Орсон Кард - Игра Эндера. Голос тех, кого нет
— Замечательно, сэр, — кивнул он. — Я буду стрелять по главному скоплению сил противника.
— У тебя не будет на это времени, малютка, — рассмеялся Рози.
Стена исчезла. Эндер подпрыгнул, ухватился руками за поручень на потолке и швырнул себя вперед и вниз — к вражеским воротам.
Это была армия Сороконожек, и Эндер находился уже в середине боевой комнаты, когда они начали появляться из своих ворот. Многие успели нырнуть под прикрытие звезд. Эндер согнул ноги, поставил руку так, чтобы пистолет оказался на уровне паха и, стреляя сквозь щель между ногами, замораживал солдат противника, одного за другим, как только они появлялись.
Они заморозили его ноги, но у Эндера оставалось еще три драгоценных секунды до того, как они смогут попасть в корпус и вывести его из боя. Он подстрелил еще нескольких, потом расставил руки в стороны. Правая рука с пистолетом указывала прямо на главные силы армии Сороконожек. Он трижды успел нажать на спуск, а потом в него попали.
Через мгновение он врезался в силовое поле вражеских ворот и, отлетев со страшной скоростью, приземлился прямо посреди группы вражеских солдат, укрывшихся за звездой. Они вытолкнули его, и он закружился еще быстрее. Весь остаток сражения он колотился в стены, хотя сила трения о воздух несколько замедлила его полет. Эндер не знал, скольких ему удалось заморозить, прежде чем заморозили его самого, но было ясно, что армия Крыс, как всегда, победила.

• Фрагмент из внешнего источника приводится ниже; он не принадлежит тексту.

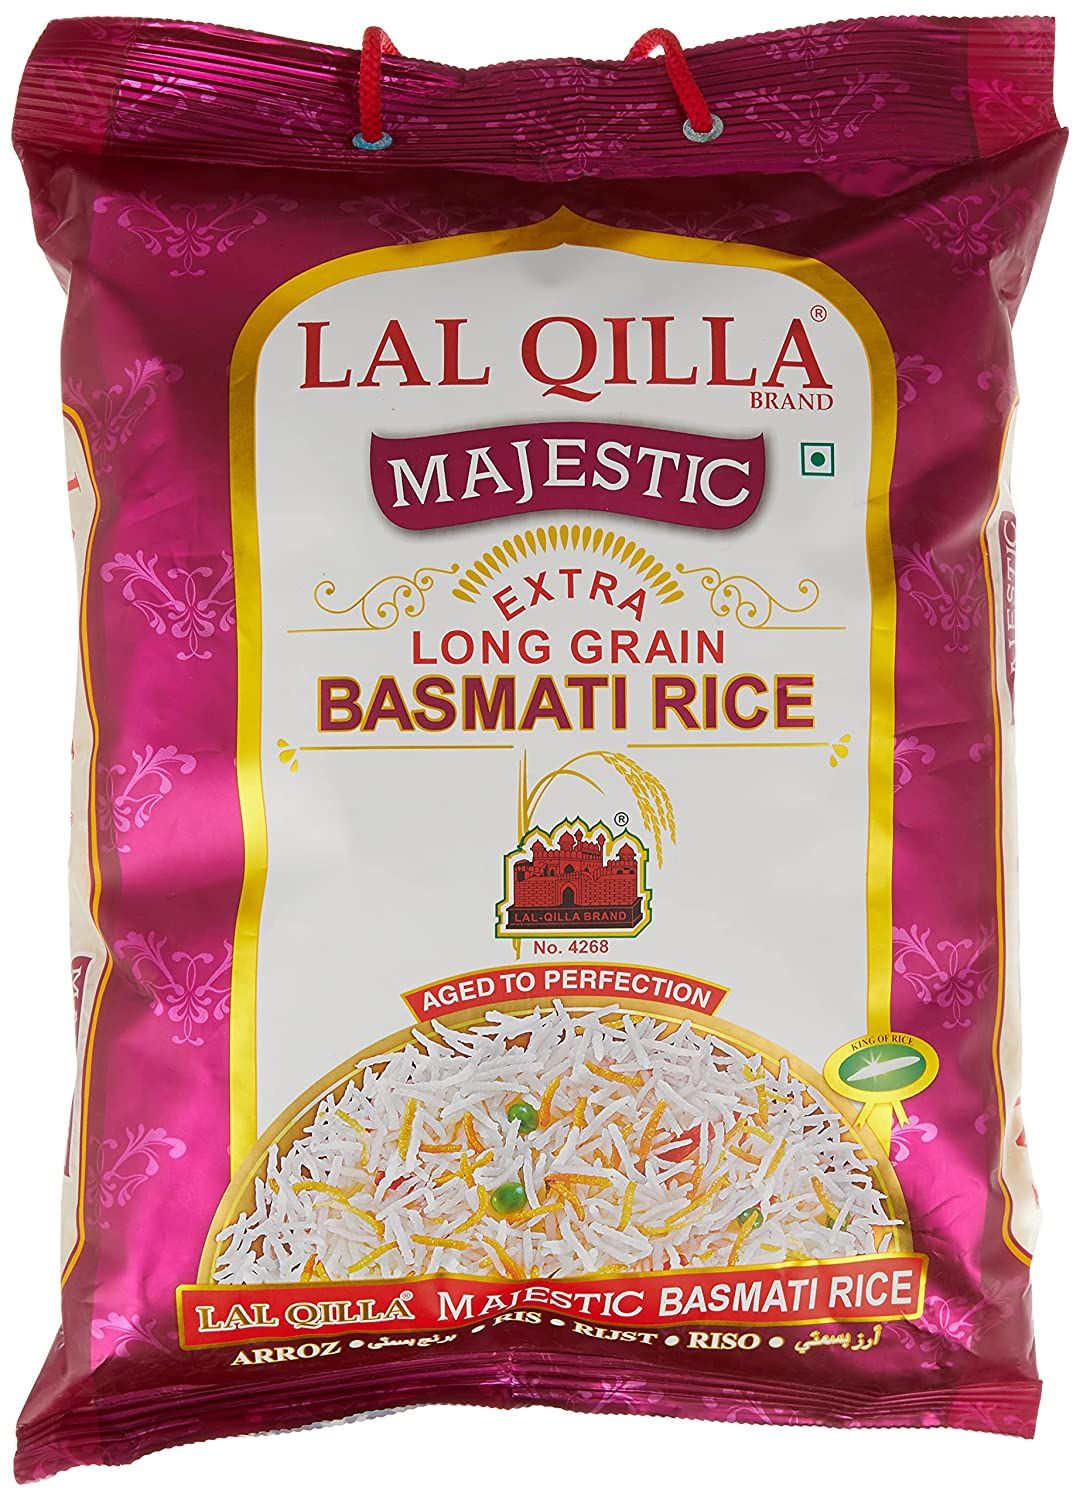 Lal Qilla Majestic Basmati Rice Image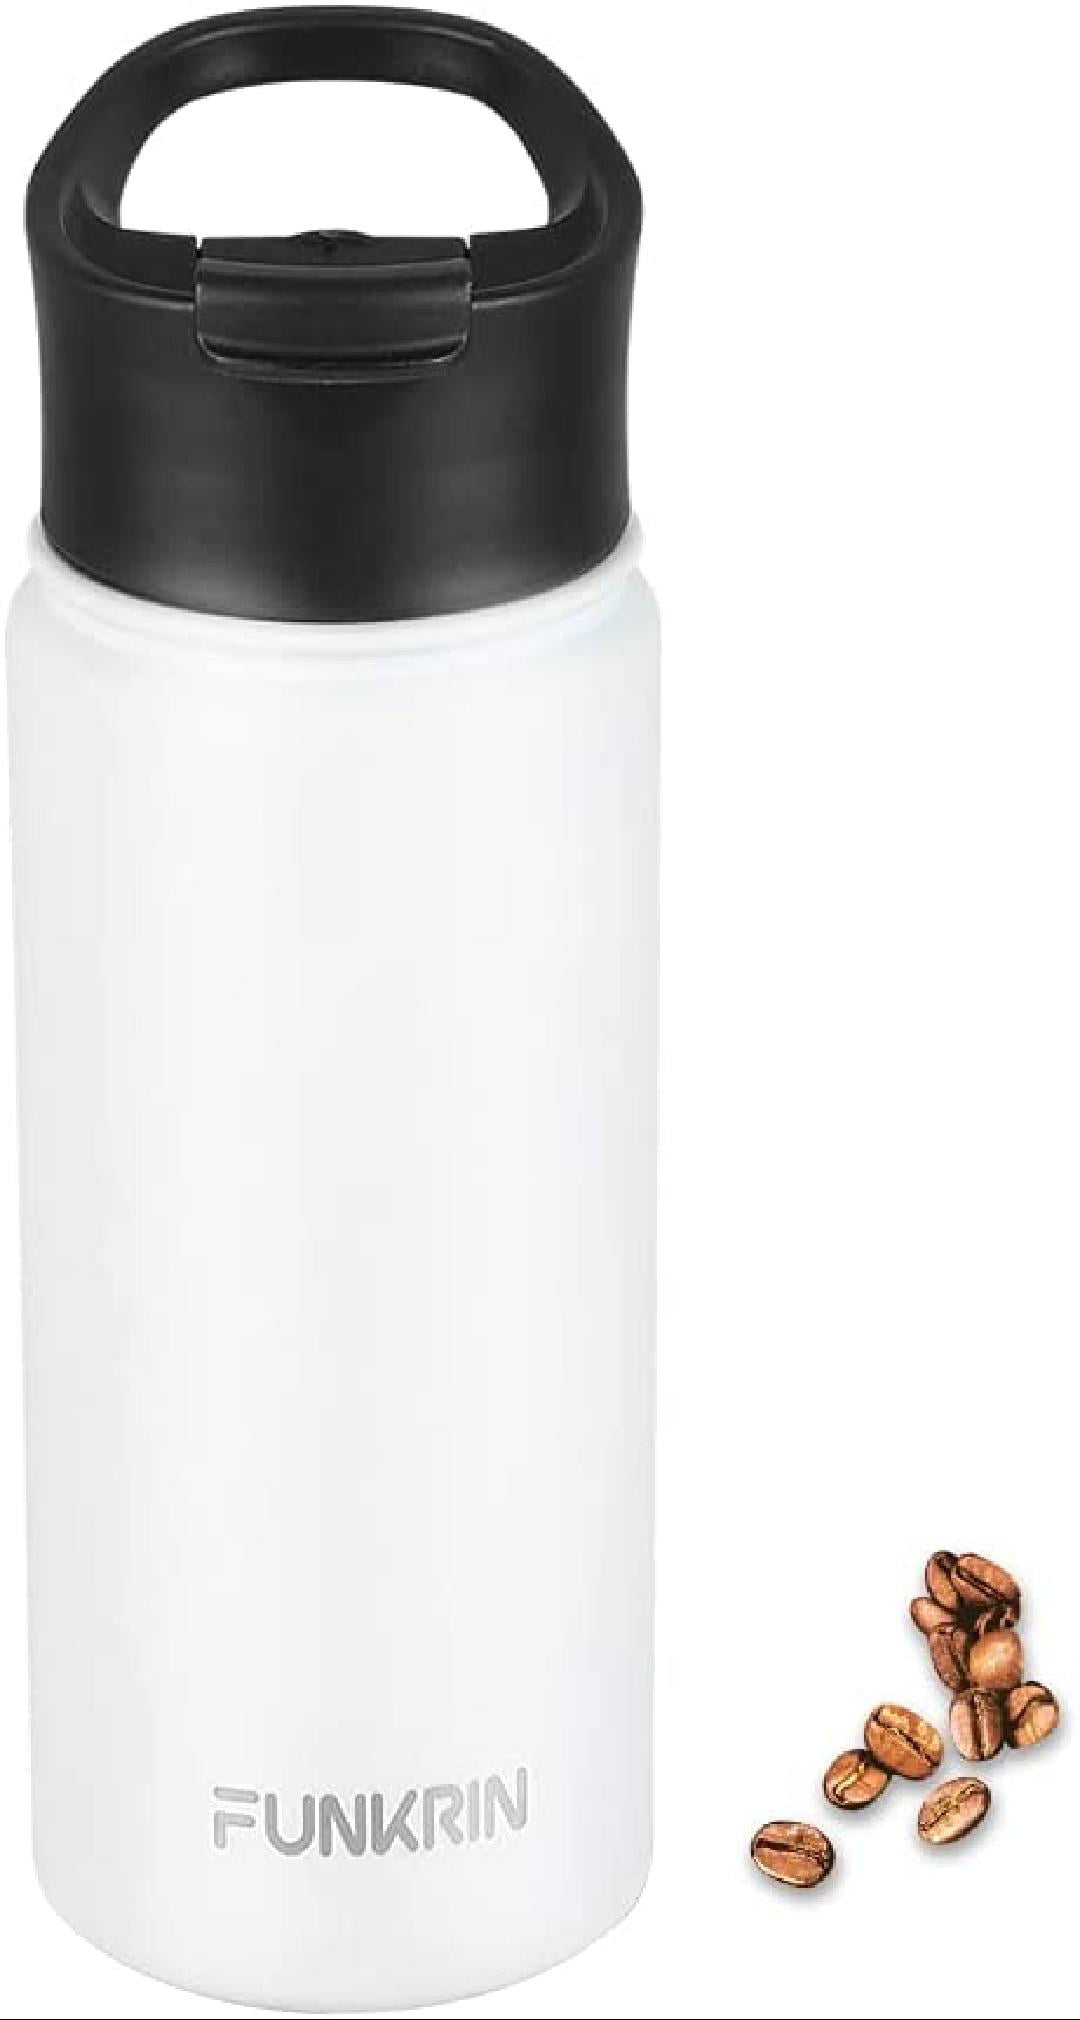 OXO Good Grips 16oz Travel Coffee Mug With Leakproof SimplyClean™ Lid - Jade

Рози не заговорил с ним после сражения. В личном зачете Эндер все еще оставался первым: он убил троих, покалечил двоих и задел еще семерых. Разговоров о неподчинении больше не возникало, и Эндер мог спокойно работать со своим компьютером. В эти часы Рози просто с ним не разговаривал.
Атака Эндера оказалась воистину опустошительной, и Динк Микер начал натаскивать своих ребят мгновенно вылетать из коридора.
— Если один человек покалечил половину армии, подумайте, что может сделать целый взвод.
Динк уговорил майора Андерсона открывать во время тренировок ворота посреди стены, чтобы солдаты могли заниматься в условиях, приближенных к боевым. По школе прошел слух. Теперь никто не мог позволить себе ждать у входа десять-пятнадцать секунд, чтобы выяснить обстановку. Игра изменилась.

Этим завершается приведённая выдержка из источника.